他们对彼此做了一个沉重又烂漫的承诺, 离别迫在眉睫,肩上行囊渐重, 可小院里的秋天,依旧是一个平静淡泊的秋天。
生活好像并没有因此改变。
“我得勤加练练, 来了现代之后都没什么机会出手, 手生了。若这幅样子回去,平儿一准得训我,朱雀台的同僚们也会笑话我的。”桓乐毫不避讳地谈及回去之后的事情,正视离别,笑容依旧。
阿贵起初还为他们的决定感到咋舌, 因为无论是桓乐的等待还是改良小绣球, 都不是件容易的事。
不过,那又如何呢?
阿贵觉得可以。
“你若是文章作的不那么烂, 兴许你哥就不会这么严厉了。偏科是不对的, 乐乐少侠, 我觉得你应该首先考虑一下怎么跟他们解释你离家出走的问题,你难道忘了是怎么碰到我们的了吗?”阿贵道。
桓乐摸摸鼻子, 紧接着说出了一句让阿贵狂翻白眼的话:“我若是那么完美, 天道就太不公平了。”
阿贵下意识地想找岑深吐槽,可一转头, 发现他还伏首案前跟阵法图较劲, 便又压低了声音免得打扰到他, “你就等着吧, 等我从北地回来, 重新化作人形,让你瞧瞧什么才叫完美,什么才叫玉树临风。”
“不会的。”桓乐一本正经地看着他:“你下一次看到我,见到的就是已经又一次从大唐而来,走过红尘滚滚、见过大千世界,无所不能的我了。”
“那时候你就老了。”
“那叫成熟,我可不像你一样未老先衰。”
“放屁。”
“阿岑,阿贵放了一个屁!”
岑深觉得很脑壳痛,这个屁崩到他了。
改良小绣球不是件易事,但也并没有想象中那么的困难。因为阵法图的基本框架都是柳七已经搭好了的,岑深并非要在短时间内增加什么新的功能,而是改动一些元力节点,尽可能地减少传送过程中的能量流失,所以只要保证不破坏阵法图的原有结构就行。

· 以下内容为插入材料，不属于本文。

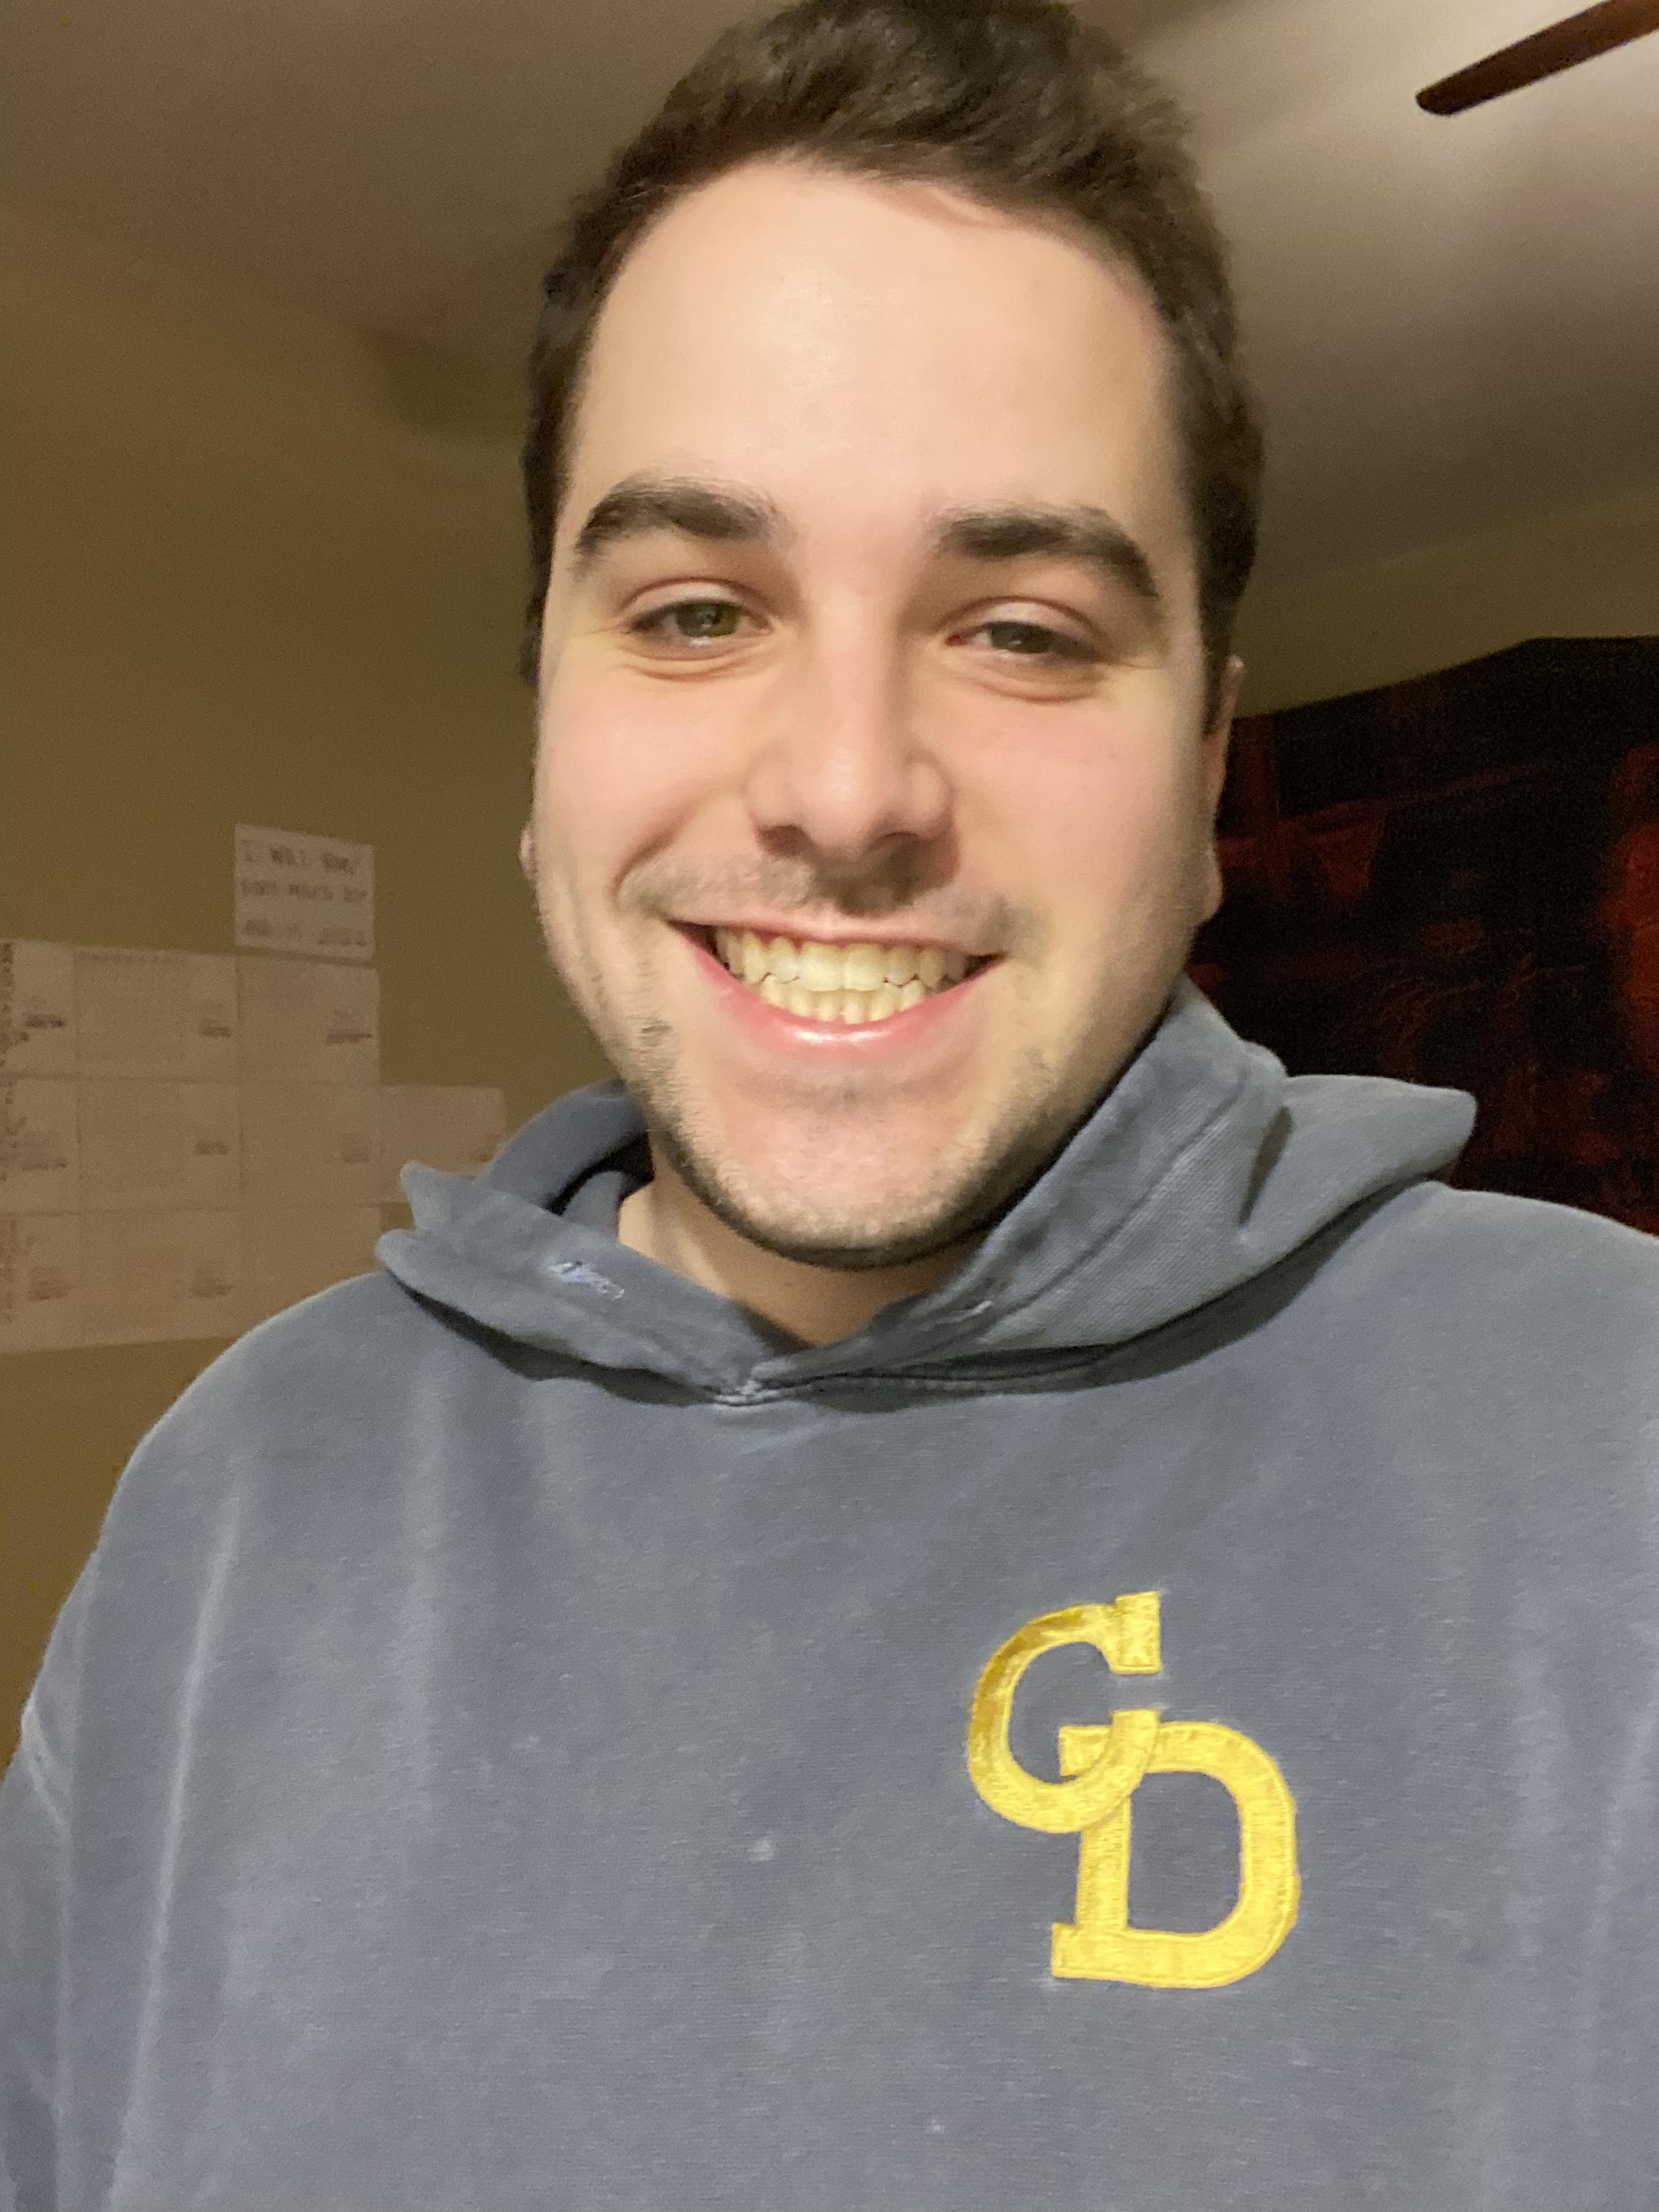 @joshyboy profile image
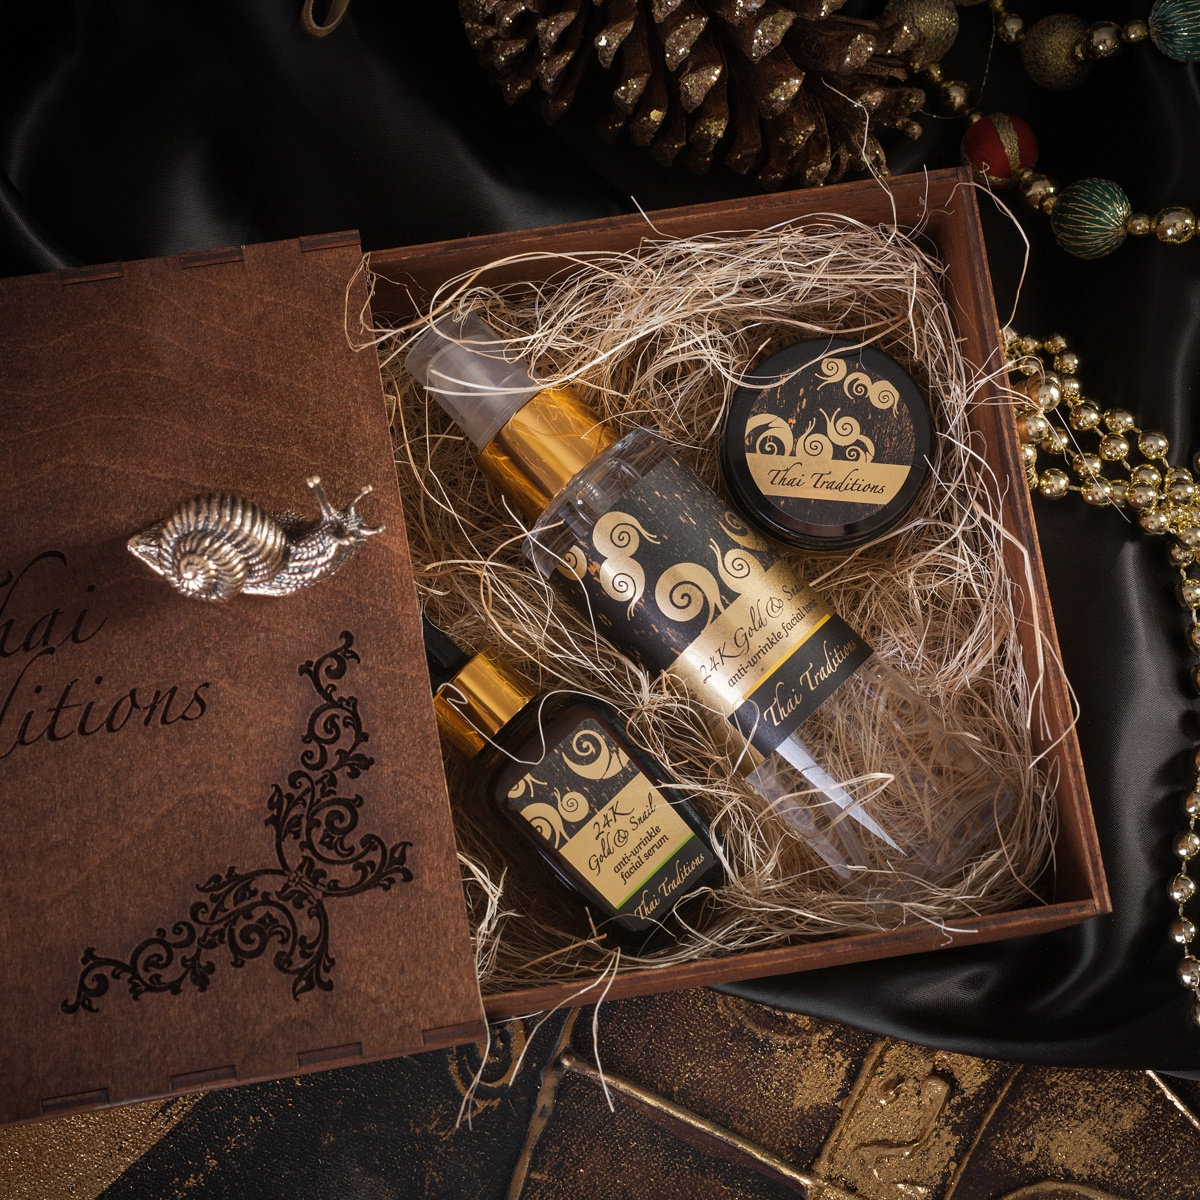 """Подарочный набор для лица Thai Traditions """"Золотая Улитка"""" 40+, Тоник-спрей для лица, 100 мл + Крем-лифтинг для век, 20 мл + Сыворотка от морщин для лица, 30 мл"""

诸如此类的改良方法,在匠师界一直是个永久的课题。越是高级的匠师,越是能保证每一丝能量的使用效率,这才是岑深要面对的难题。
因为柳七,无疑是站在顶点的那个男人,之一。
改良的工作还在有序进行,不知哪天才会完工,阿贵离开的日子便已将到了。
那是一个很平常的秋日的早晨,隔壁李大爷的开嗓声与麻雀的叫声几乎同时响起。不多一会儿,王奶奶就起了,一如既往地抱怨老伴唱得难听。
胡同里,早已是一番热闹景象。
煎饼果子的早餐摊刚刚支出来,叮铃叮铃的车铃声就到了。骑着自行车的小年轻会停下来,根据钱包的胖瘦,决定加两个鸡蛋还是三个鸡蛋。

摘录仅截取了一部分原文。